Responsabilité

Les derniers billets me ramènent à un livre lu il y a longtemps. Il parlait de RSE.

Parmi les scénarios d’évolution de l’IA, il y a celui de 2001 Odyssée de l’espace, disais-je. Mais l’entrepreneur américain n’en a cure. La seule responsabilité qu’il ait c’est de réussir. La fin justifie les moyens. L’humanité peut crever. La seule chose qu’il respecte, c’est la force.

La culture de la drogue

Midnight express : propagande ? L’histoire racontée serait une fausse nouvelle. Les USA accusaient la Turquie de leur exporter de la drogue. En arrêtant un trafiquant, la Turquie a voulu leur rendre la monnaie de leur pièce. Ledit trafiquant, d’ailleurs, ne se serait pas libéré par ses propres moyens, comme le raconte le film, mais par l’intervention de la CIA. Quelques années plus tard, il est venu s’excuser des dommages qu’il avait causés à la Turquie.

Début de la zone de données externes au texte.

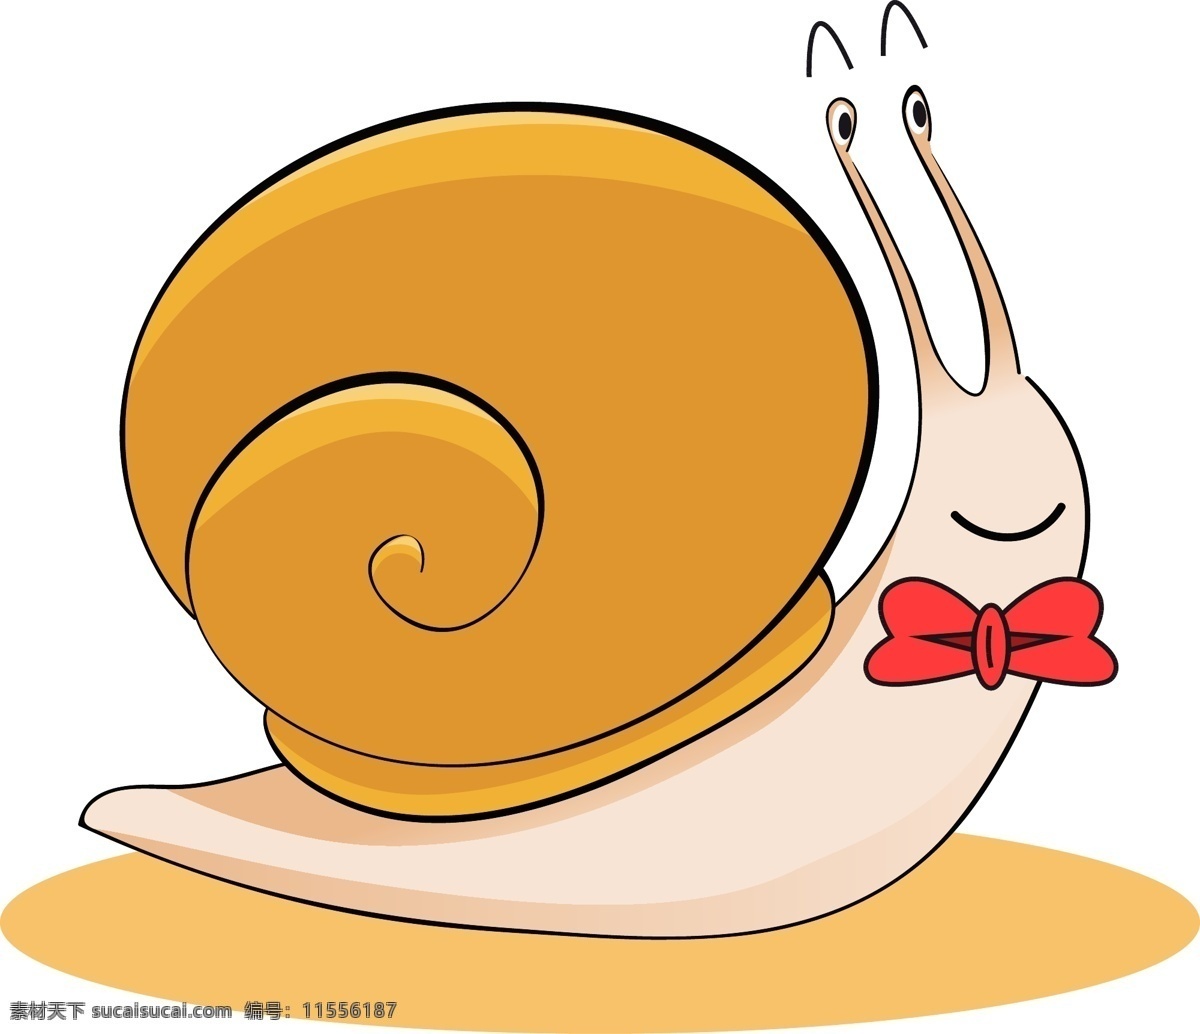 矢量 手绘 卡通 蜗牛 黄色 红色领结 肤色 蜗牛壳 微笑 开心 触须 眼睛 可爱 免扣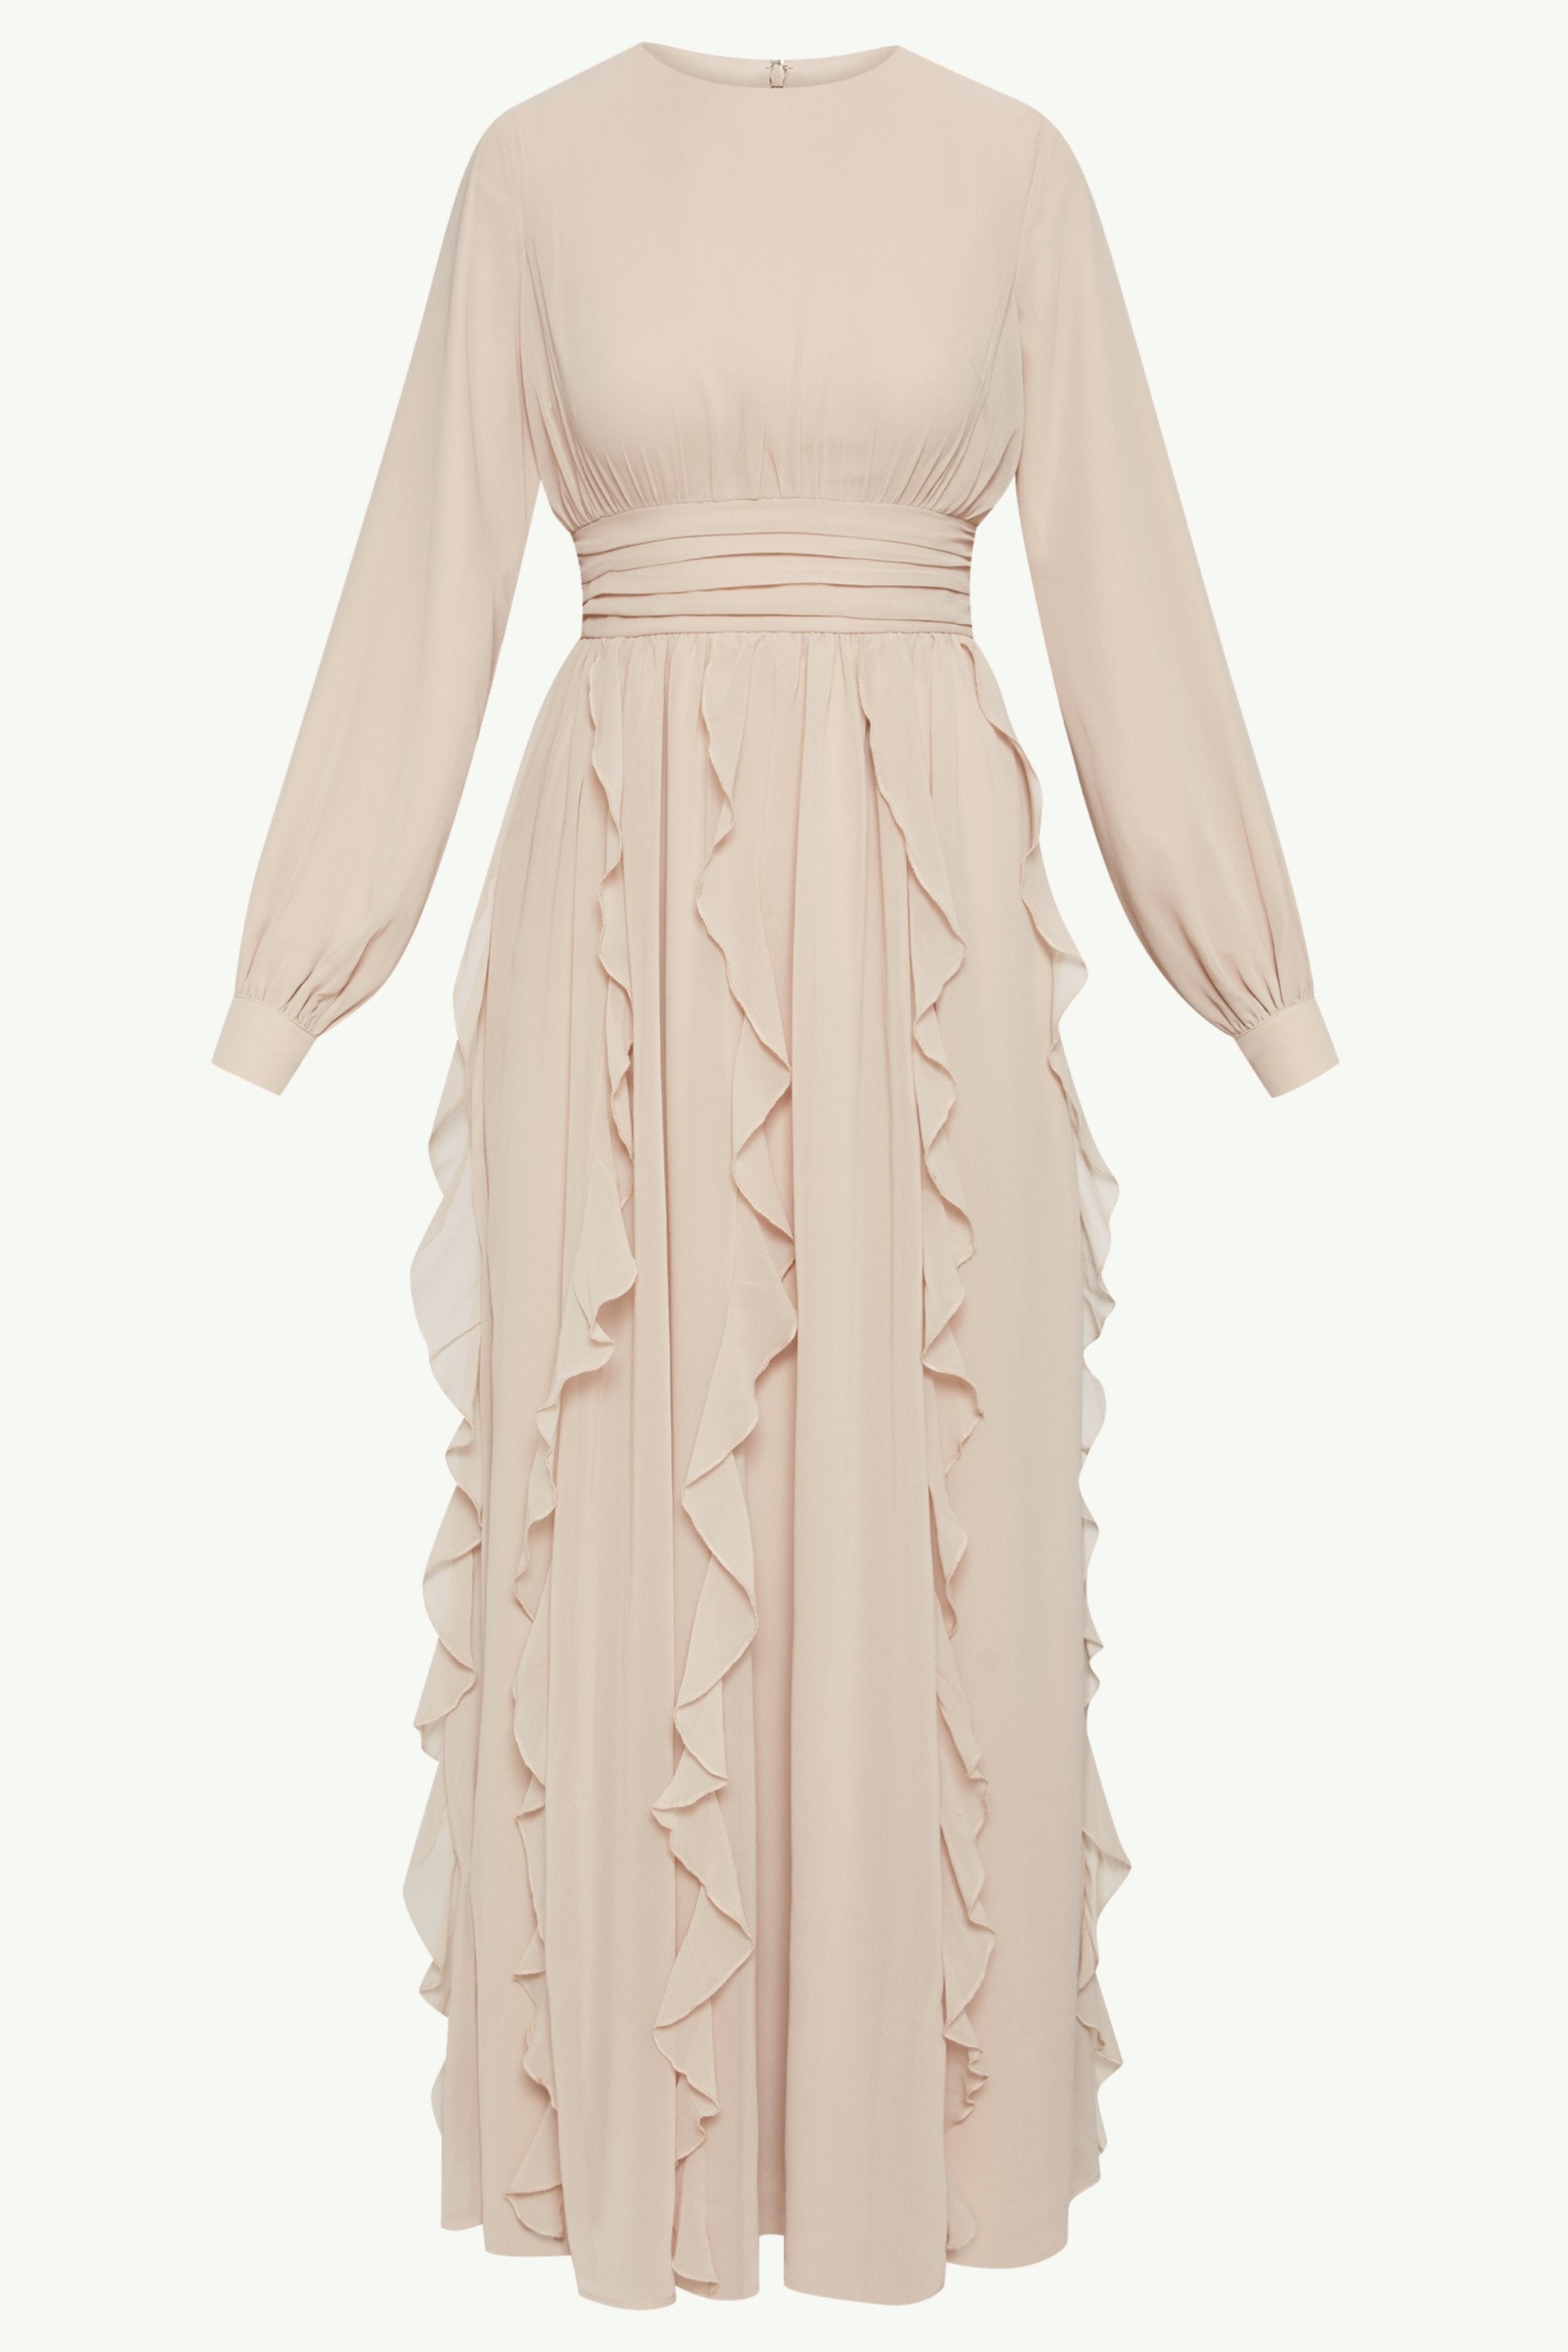 Nesreen Waterfall Chiffon Maxi Dress - Stone Clothing Veiled

Peut-être serait-il temps de s’intéresser à l’hypocrisie des USA ? Car l’histoire récente ne semble que le résultat de leurs coups foireux, et de leur incapacité à voir plus loin que le bout de leur nez. Ainsi, en Afghanistan, ils ont laissé leurs alliés cultiver la drogue (que les Talibans avaient éradiquée), au motif que ça ne pouvait pas leur faire de mal, puisqu’elle était à destination de l’Europe.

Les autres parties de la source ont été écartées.